In a landmark decision, the Supreme Court has upheld UNISON's challenge and quashed the fees order introduced by the Employment Tribunal.
From 29 July 2013, claimants bringing claims in the Employment Tribunal, and appealing to the Employment Appeal Tribunal, have been required to pay fees, ranging from £390 to £1600. Following the introduction of fees, official statistics show a dramatic reduction in claims brought, by around 80%. Unison's challenge to the introduction of fees had previously been unsuccessful in two sets of proceedings in the High Court, and on appeal in the Court of Appeal.
Unison appealed to the Supreme Court on two grounds:
Whether the introduction of fees breached the fundamental principle of EU law, that legal rights must have an effective remedy, and that the fees make it impossible in practice or excessively difficult for claimants to enforce their rights; and Whether the fees are indirectly discriminatory against claimant's with particular protected characteristics under the Equality Act 2010. The Supreme Court has upheld both grounds.
In reaching its conclusion, the Court commented that access to the courts is a vital component of rule of law.

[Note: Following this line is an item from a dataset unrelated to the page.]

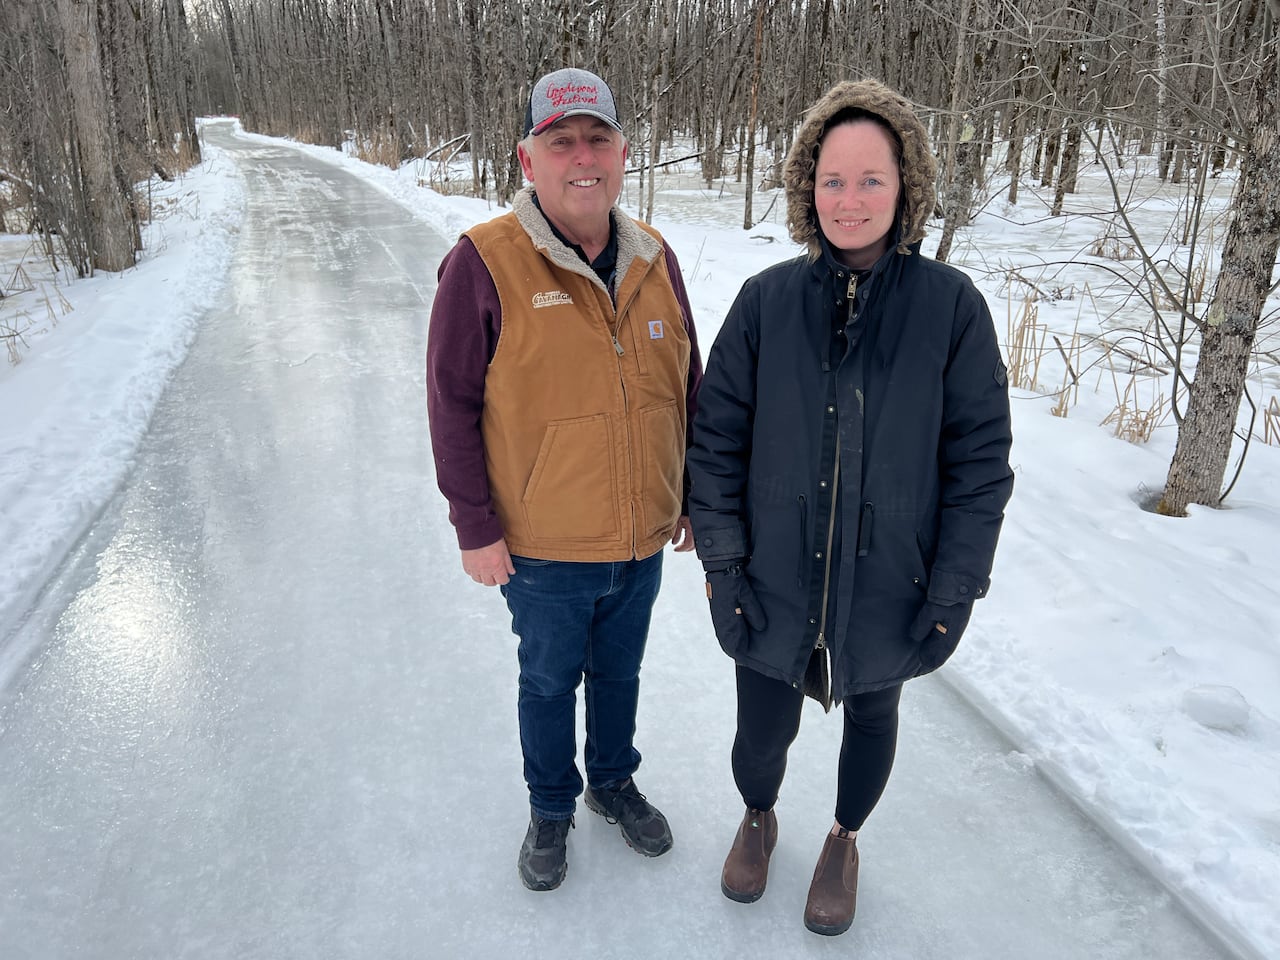 new skating loop in beckwith township now open

It noted that fees have resulted in such a substantial and sustained drop in the number of claims brought in the Employment Tribunals and that there is evidence from a number of sources that fees have had an impact. For example, in answers to surveys to ACAS, potential claimants have given as the reason that they decided not to bring a claim that they cannot afford the fees. In addition, many claims brought in the Tribunal are low value and the fees are disproportionate, rendering it futile to bring the claim given level of fees in comparison to the potential value of claim.
The Court also found that the Fees are indirectly discriminatory. Using the example of sex discrimination, the Court found that a higher proportion of women bring type B claims which attract a higher fee and that this causes a disproportionate impact on women. The Court found that the higher fees are not objectively justified by the Government's aims in introducing fees which included deterring unmeritorious claim and transferring some of the cost of running tribunals from the public purse to claimants. The Court found that it had not been shown that higher fees were any more effective than lower fees at achieving these aims.
The Lord Chancellor undertaken to reimburse fees already paid by Claimants. It is likely, that Respondents who have been ordered to pay successful Claimants' fees will also have to be reimbursed in some way.
Emma Burrows, Head of the Employment Department at Trowers & Hamlins LLP said:
"Today the Supreme Court has reversed a major change in how employment rights are handled in England and Wales. This will impact significantly on employers and the judicial system. The Employment Tribunals are already under strain following a reduction in judicial resources, with long claims being listed well into 2018 in some regions. As claims go back up, this will need to be addressed by the Government. Employers will also need to reassess their approach to risk when facing potential disputes with employees.
In the immediate future, the reimbursement of fees already paid by Claimants and reimbursed by Respondents will be a significant administrative burden for the Government. As yet, there is no process for parties to follow to claim these fees back."